If this code is compiled without this pragma (as found in the repository, using build.sh), the SASS code looks as expected:

Fatbin elf code:
================
arch = sm_30
code version = [1,7]
producer = cuda
host = linux
compile_size = 64bit

	code for sm_30
		Function : _Z9TransformN5Eigen9TransformIfLi3ELi2ELi0EEENS_6MatrixIfLi3ELi1ELi0ELi3ELi1EEE
	.headerflags    @"EF_CUDA_SM30 EF_CUDA_PTX_SM(EF_CUDA_SM30)"
                                                                     /* 0x22823232028042b7 */
        /*0008*/                   MOV R1, c[0x0][0x44];             /* 0x2800400110005de4 */
        /*0010*/                   IADD32I R1, R1, -0x18;            /* 0x0bffffffa0105c02 */
        /*0018*/                   F2F.F64.F32 R2, c[0x0] [0x180];   /* 0x1000400601309c04 */
        /*0020*/                   LOP.OR R6, R1, c[0x0][0x24];      /* 0x6800400090119c43 */
        /*0028*/                   F2F.F64.F32 R8, c[0x0] [0x184];   /* 0x1000400611321c04 */
        /*0030*/                   F2F.F64.F32 R10, c[0x0] [0x188];  /* 0x1000400621329c04 */
        /*0038*/                   LOP32I.AND R12, R6, 0xffffff;     /* 0x3803fffffc631c02 */
                                                                     /* 0x22b2b042e042e047 */
        /*0048*/                   STL.64 [R12], R2;                 /* 0xc800000000c09ca5 */
        /*0050*/                   MOV32I R4, 0x0;                   /* 0x1800000000011de2 */
        /*0058*/                   STL.64 [R12+0x8], R8;             /* 0xc800000020c21ca5 */
        /*0060*/                   MOV32I R5, 0x0;                   /* 0x1800000000015de2 */
        /*0068*/                   STL.64 [R12+0x10], R10;           /* 0xc800000040c29ca5 */
        /*0070*/                   MOV R7, RZ;                       /* 0x28000000fc01dde4 */
        /*0078*/                   JCAL 0x0;                         /* 0x1000000000011c07 */
                                                                     /* 0x20000000000002e7 */
        /*0088*/                   EXIT;                             /* 0x8000000000001de7 */
        /*0090*/                   BRA 0x90;                         /* 0x4003ffffe0001de7 */
        /*0098*/                   NOP;                              /* 0x4000000000001de4 */
        /*00a0*/                   NOP;                              /* 0x4000000000001de4 */
        /*00a8*/                   NOP;                              /* 0x4000000000001de4 */
        /*00b0*/                   NOP;                              /* 0x4000000000001de4 */
        /*00b8*/                   NOP;                              /* 0x4000000000001de4 */
		..........................................................................................

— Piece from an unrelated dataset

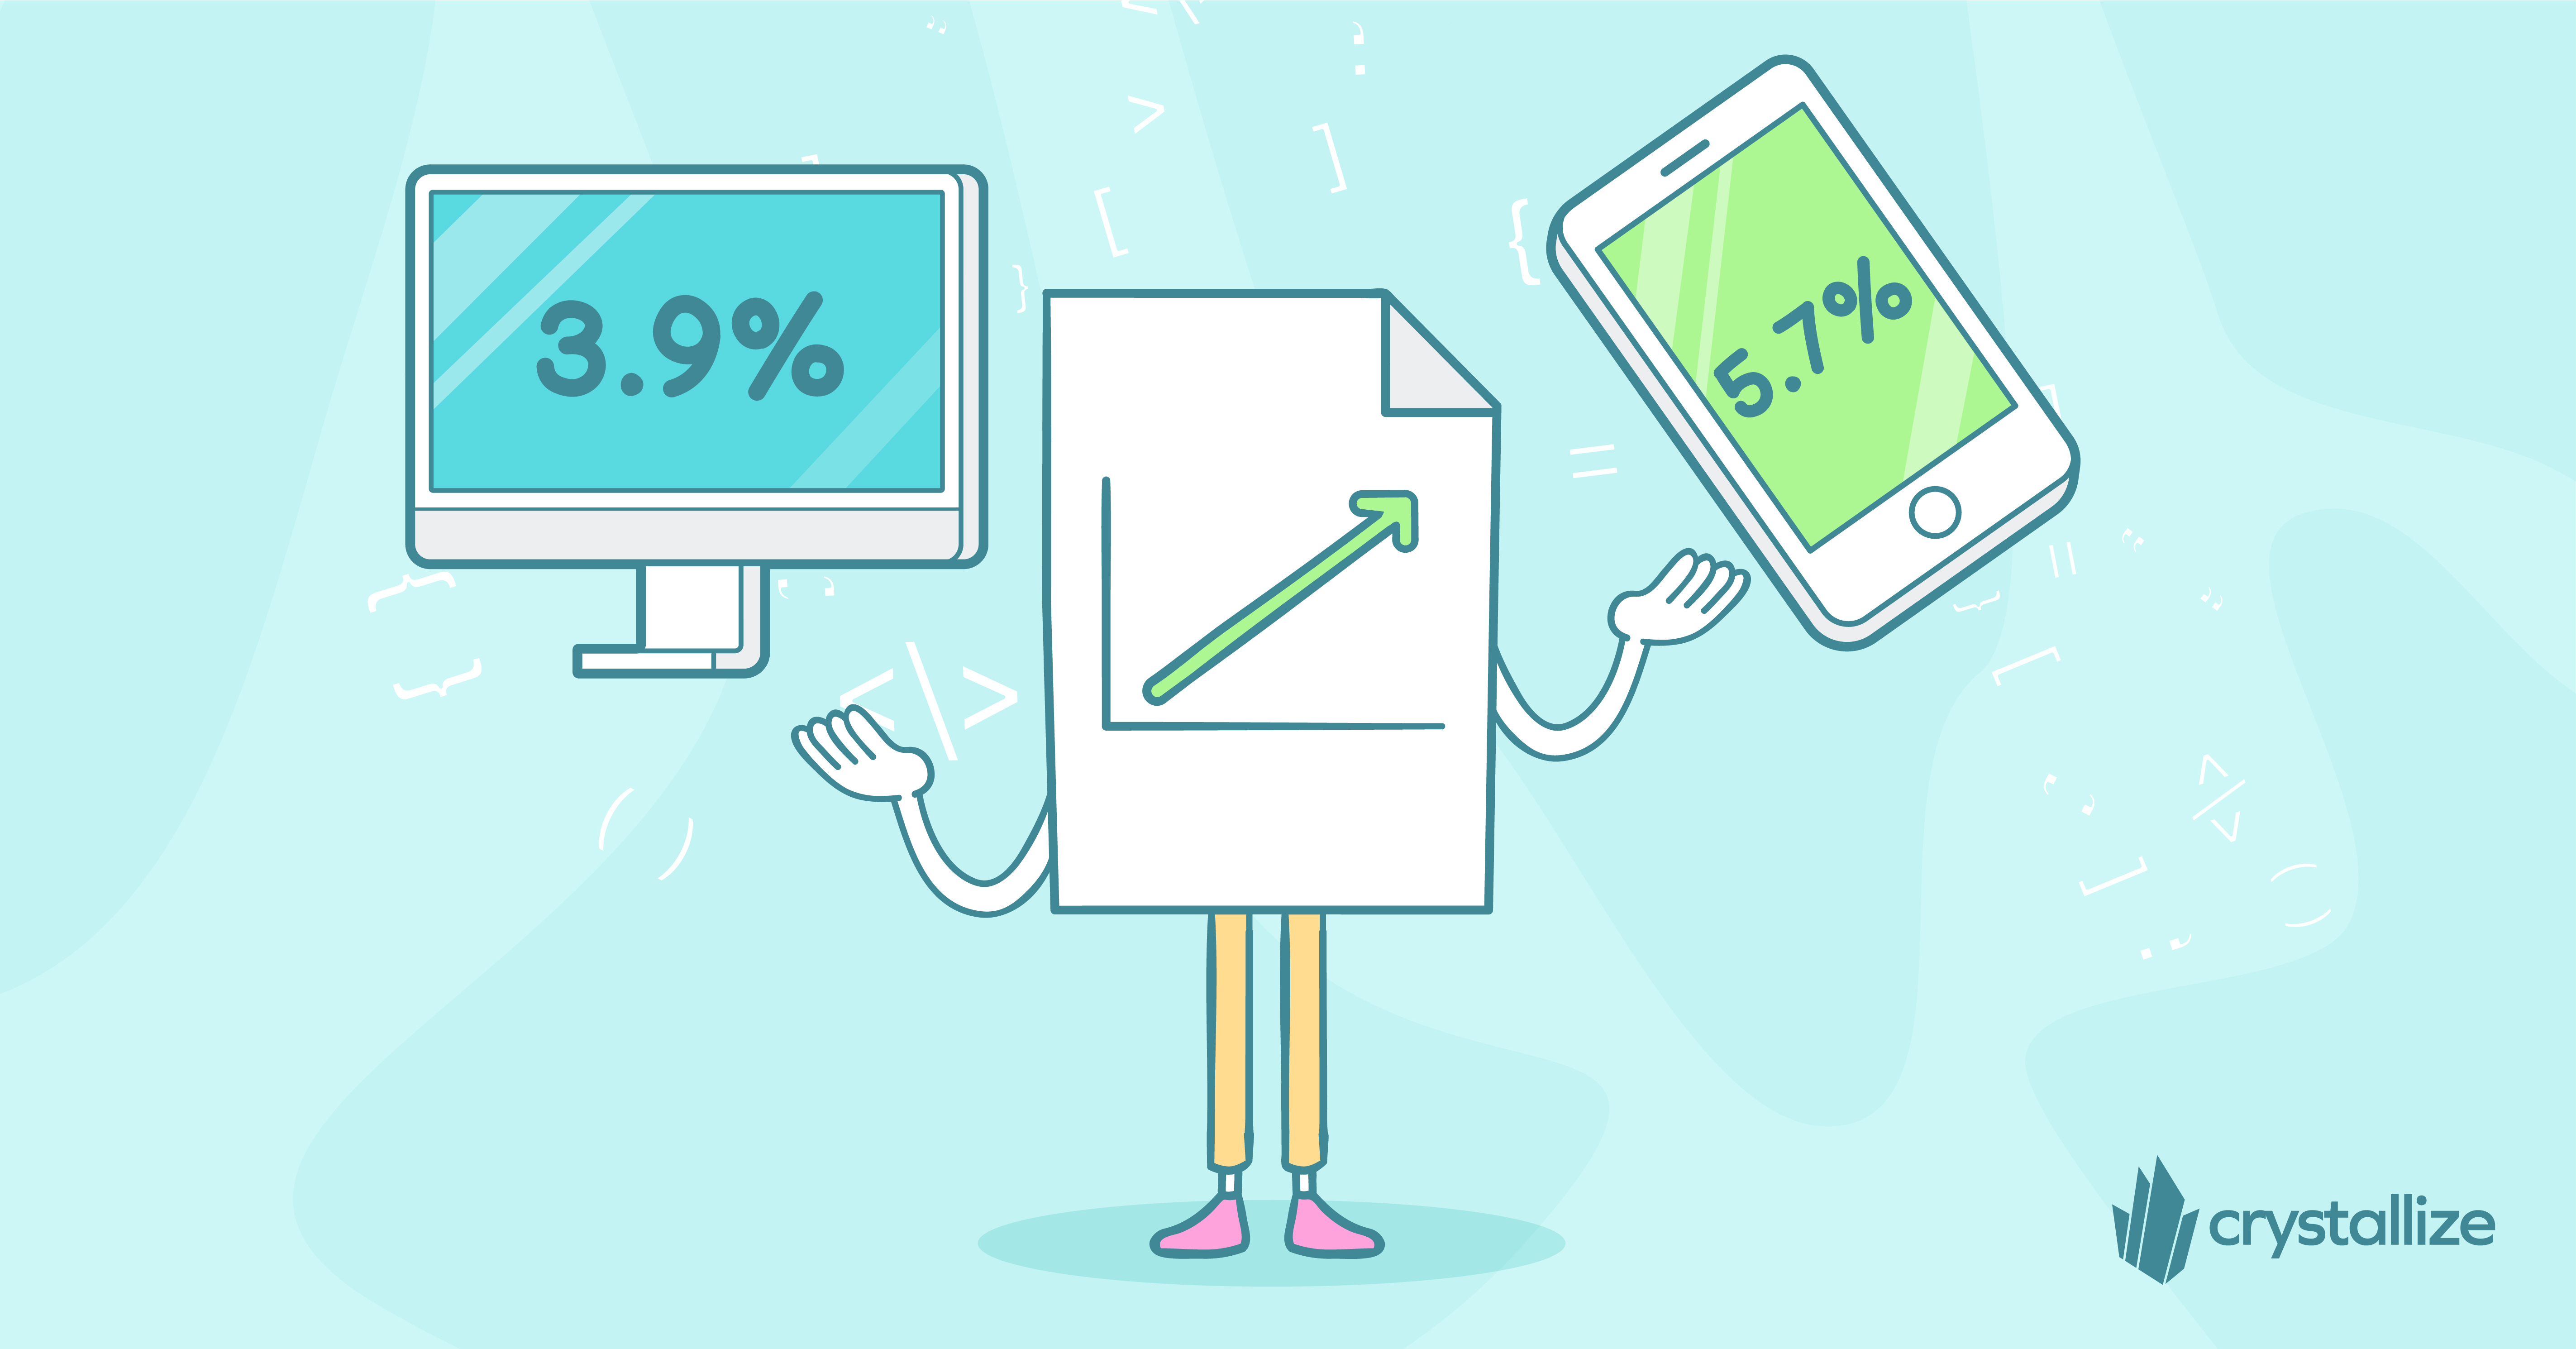 5.7% of customers convert on mobile devices, in contrast to only 3.9% on desktops.
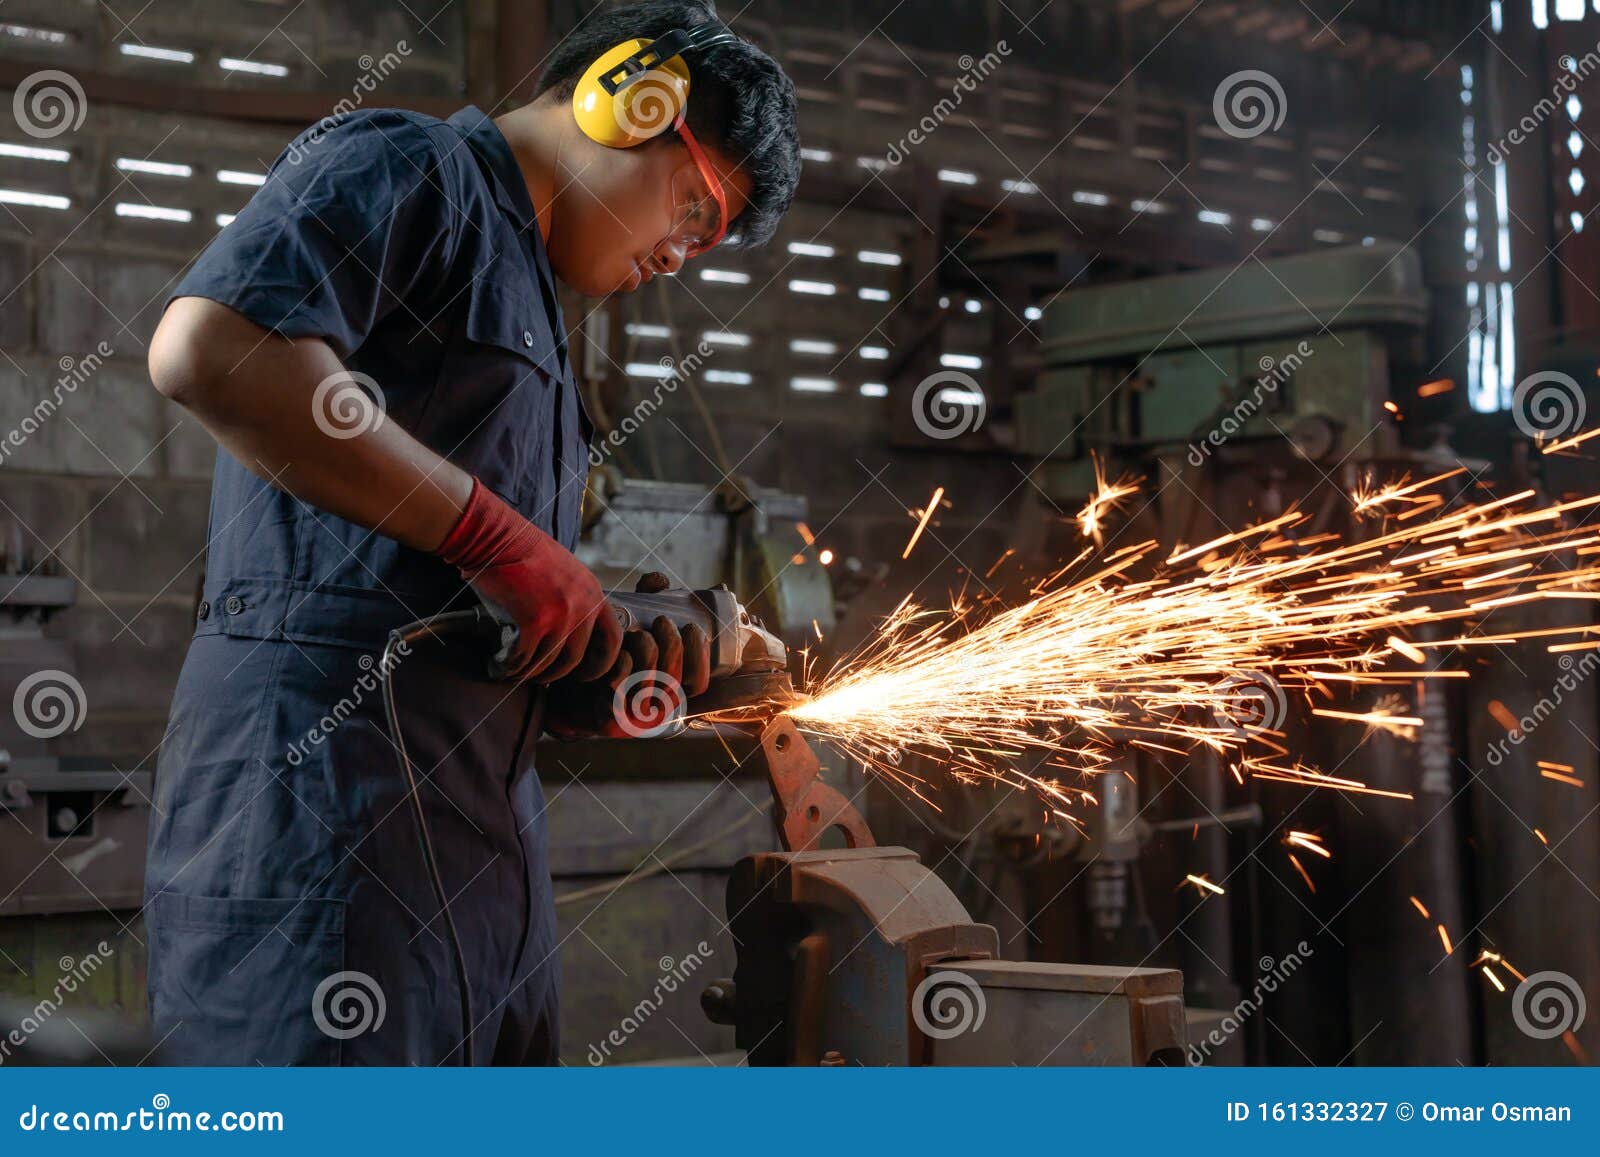 engineer operating angle grinder hand tools in manufacturing factory - mechanical engineering student using power tool with hot

If, however the pragma is inserted by uncommenting the definition in test.cu, the code comes out wrong:

Fatbin elf code:
================
arch = sm_30
code version = [1,7]
producer = cuda
host = linux
compile_size = 64bit

	code for sm_30
		Function : _Z9TransformN5Eigen9TransformIfLi3ELi2ELi0EEENS_6MatrixIfLi3ELi1ELi0ELi3ELi1EEE
	.headerflags    @"EF_CUDA_SM30 EF_CUDA_PTX_SM(EF_CUDA_SM30)"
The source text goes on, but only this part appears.